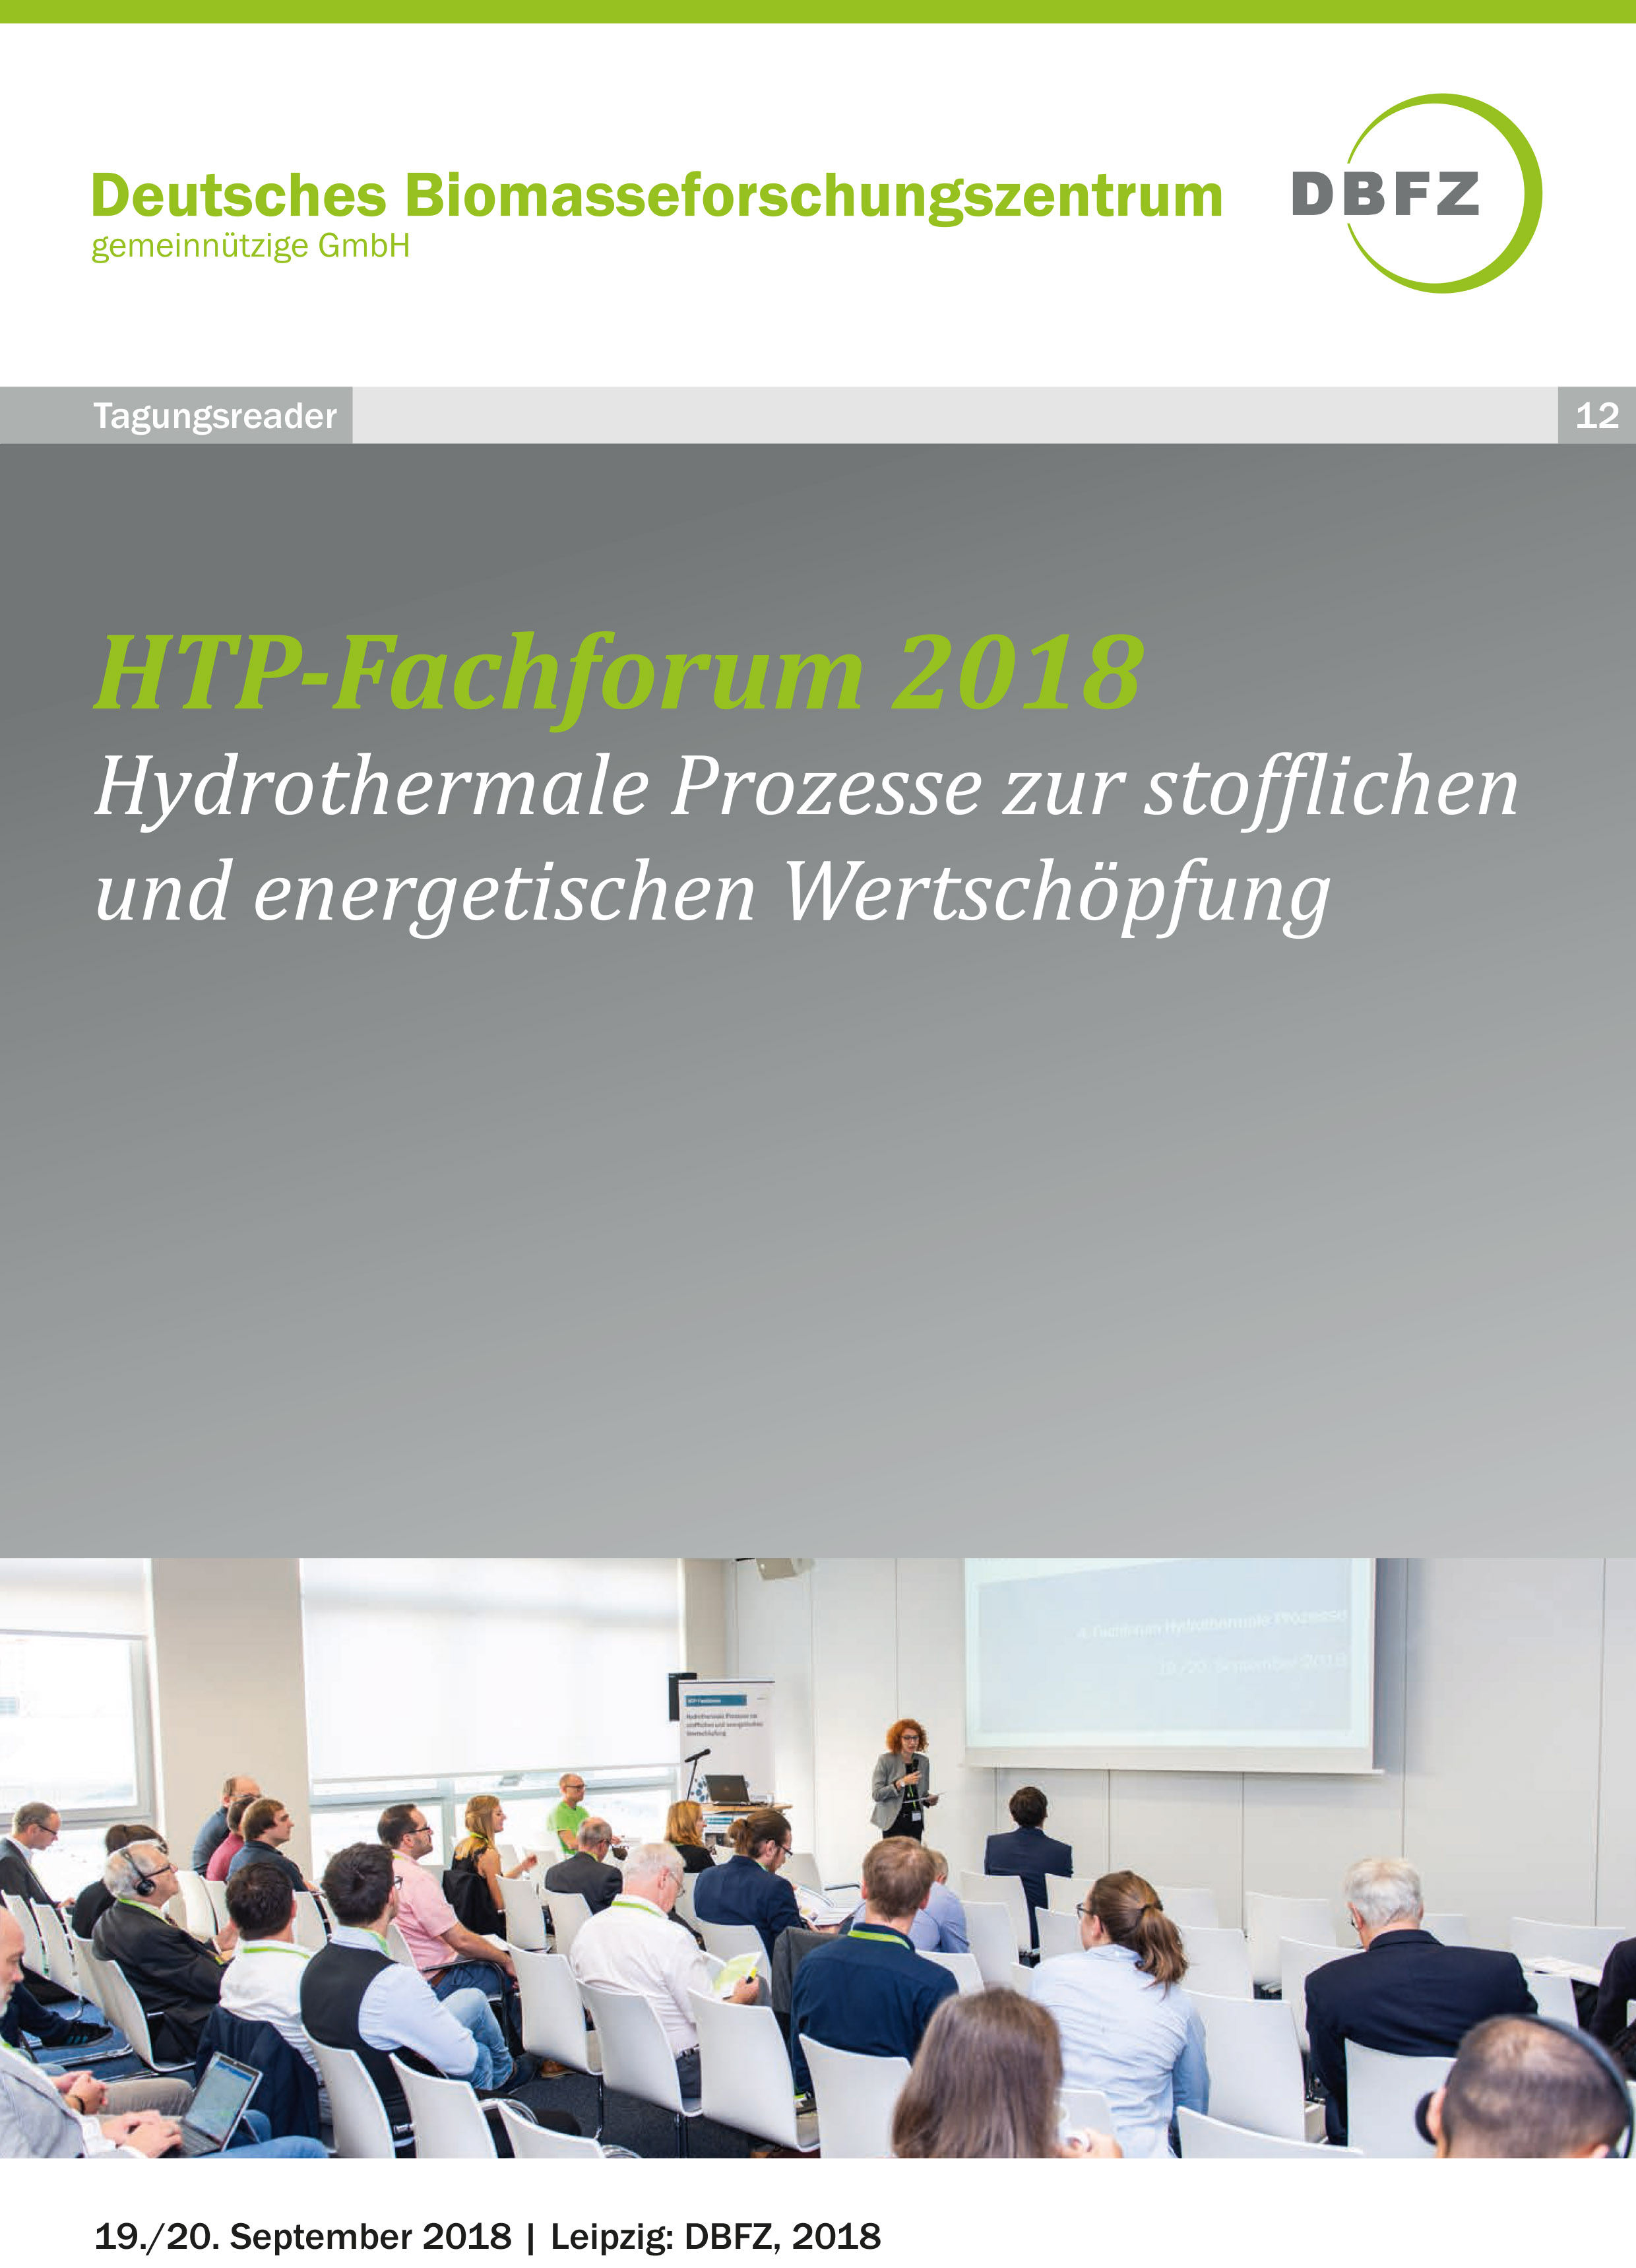 4. HTP-Fachforum 2018
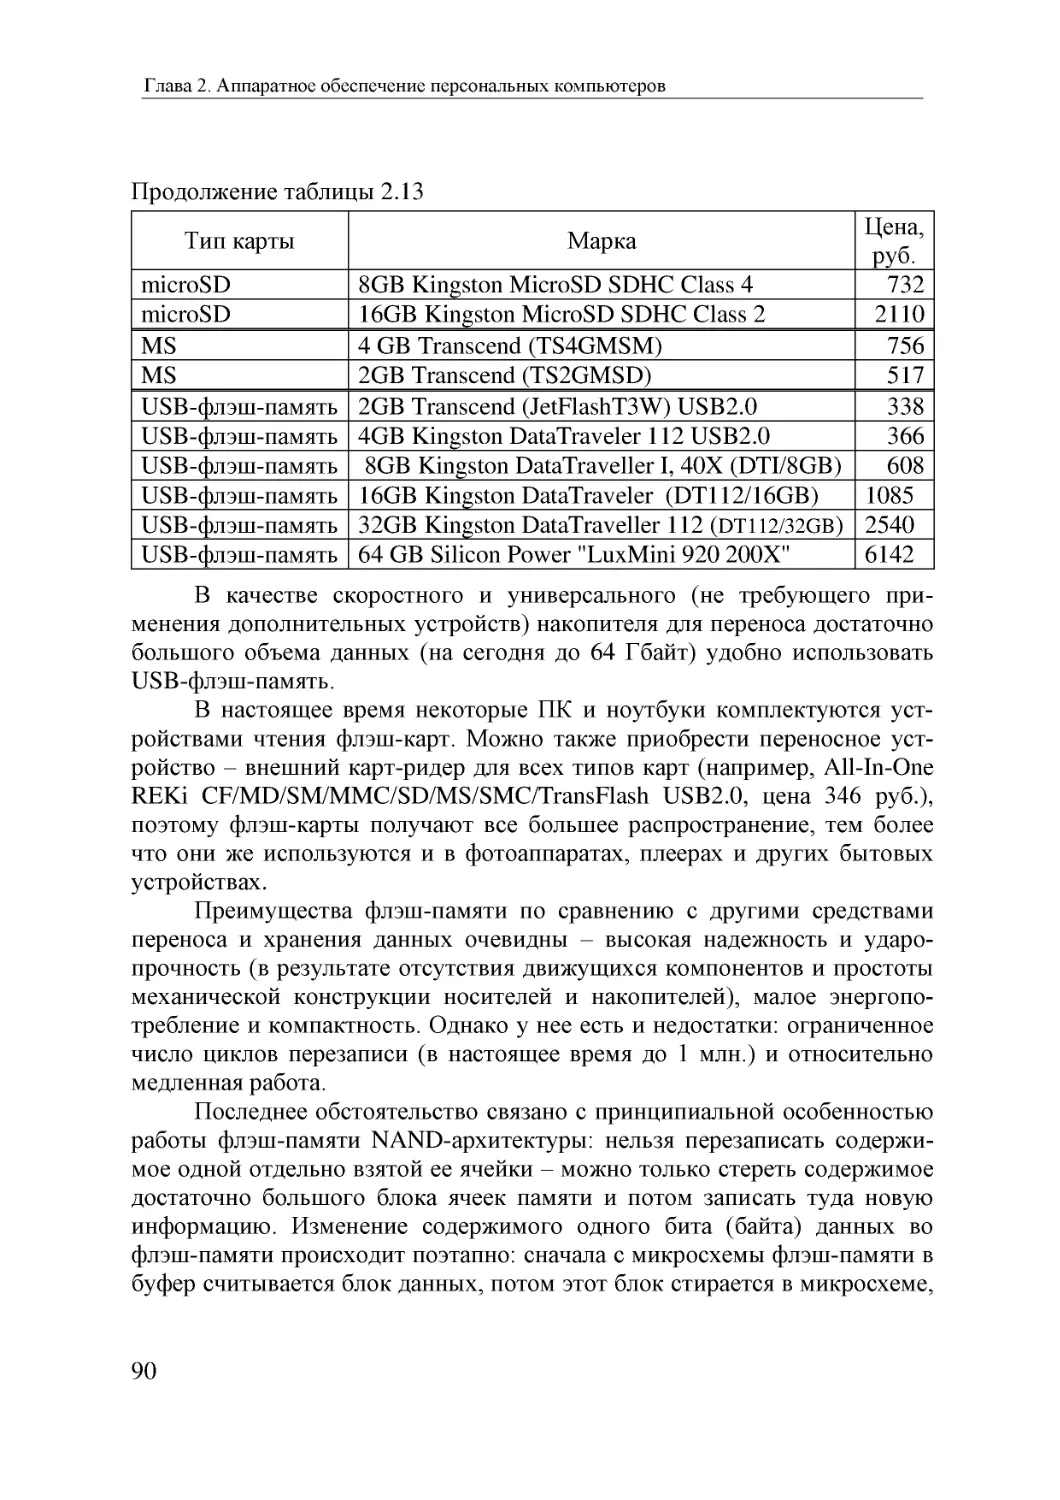 Informatika_Uchebnik_dlya_vuzov_2010 90
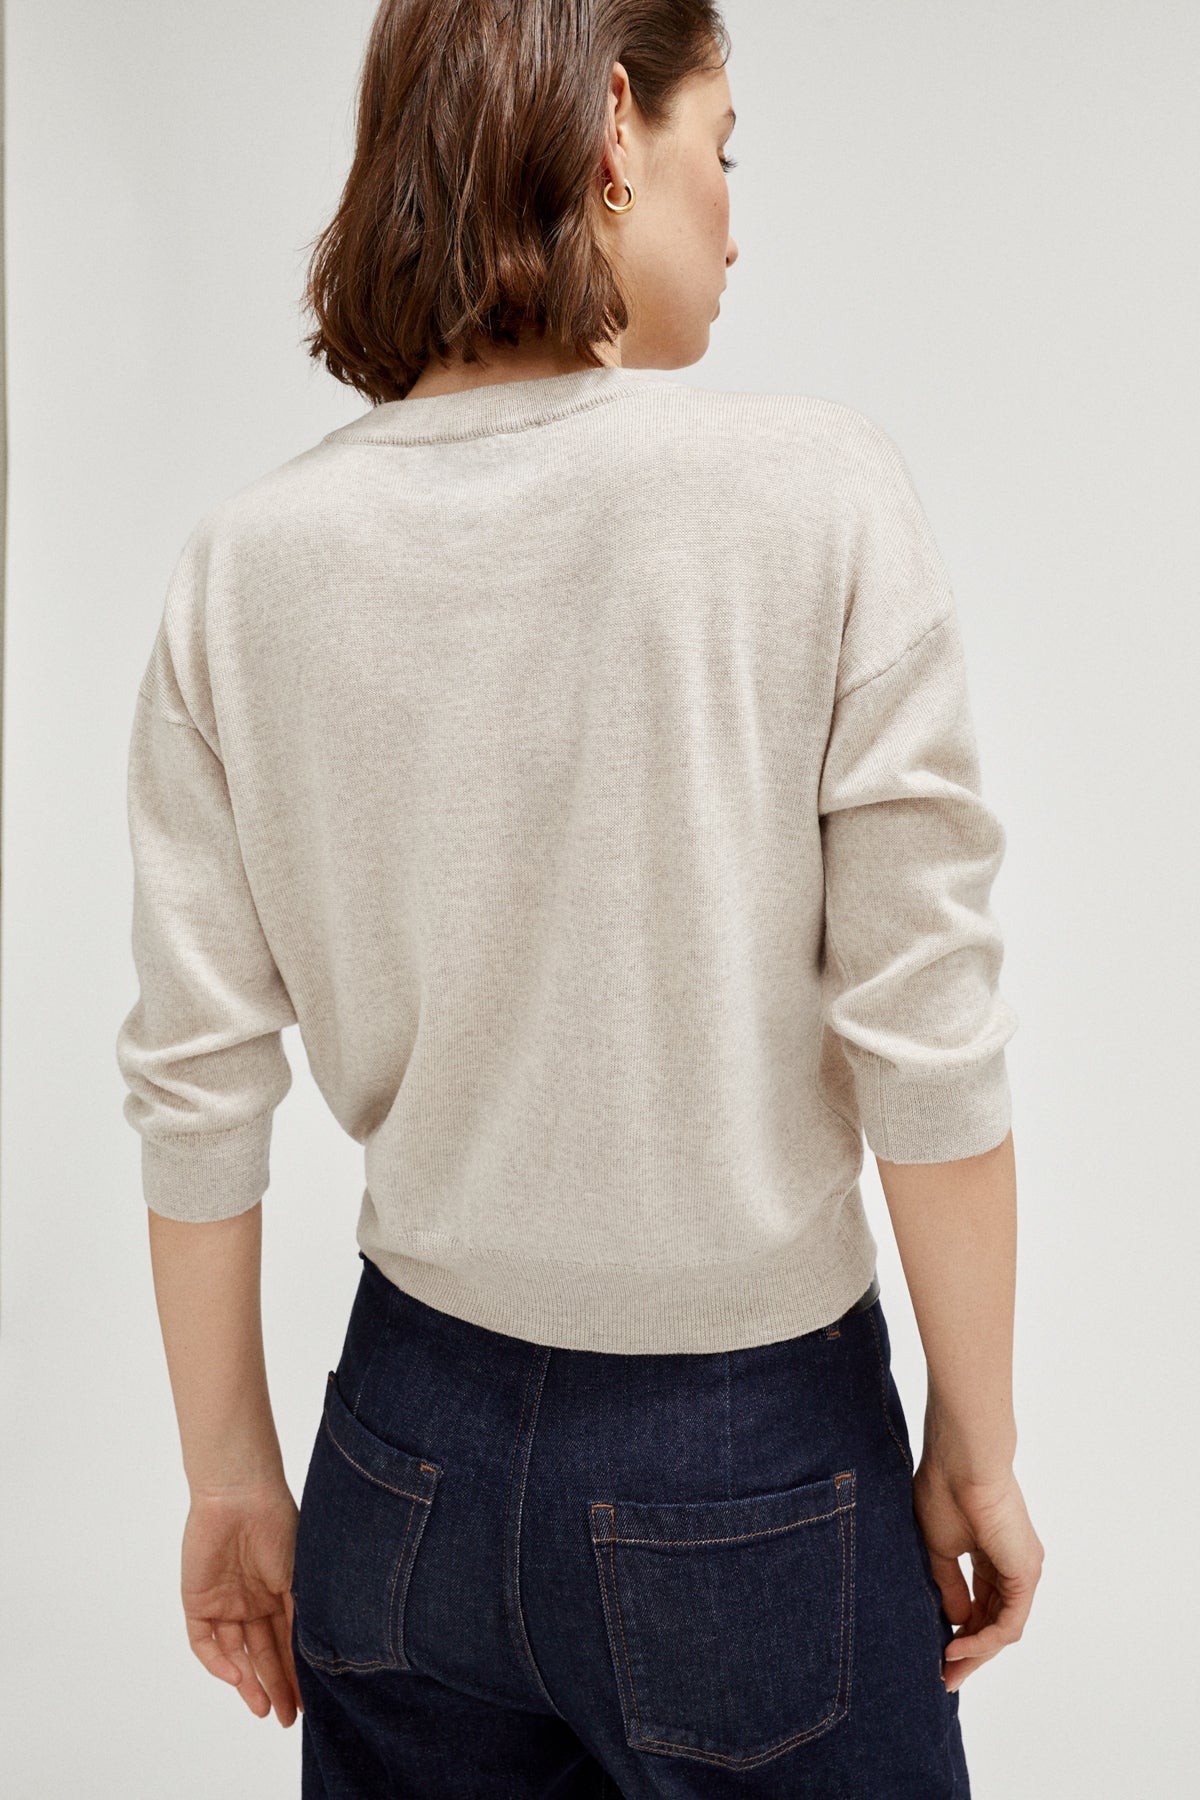 Greige | The Merino Wool Boxy T-Shirt

------------------------------------------------

## Task instructions
Each line from the one containing "Informatika_Uchebnik_dlya_vuzov_2010 90" through the last line above should be retyped exactly, and no other line. Any picture is to be left out.

## Result
 Informatika_Uchebnik_dlya_vuzov_2010 90
 Greige | The Merino Wool Boxy T-Shirt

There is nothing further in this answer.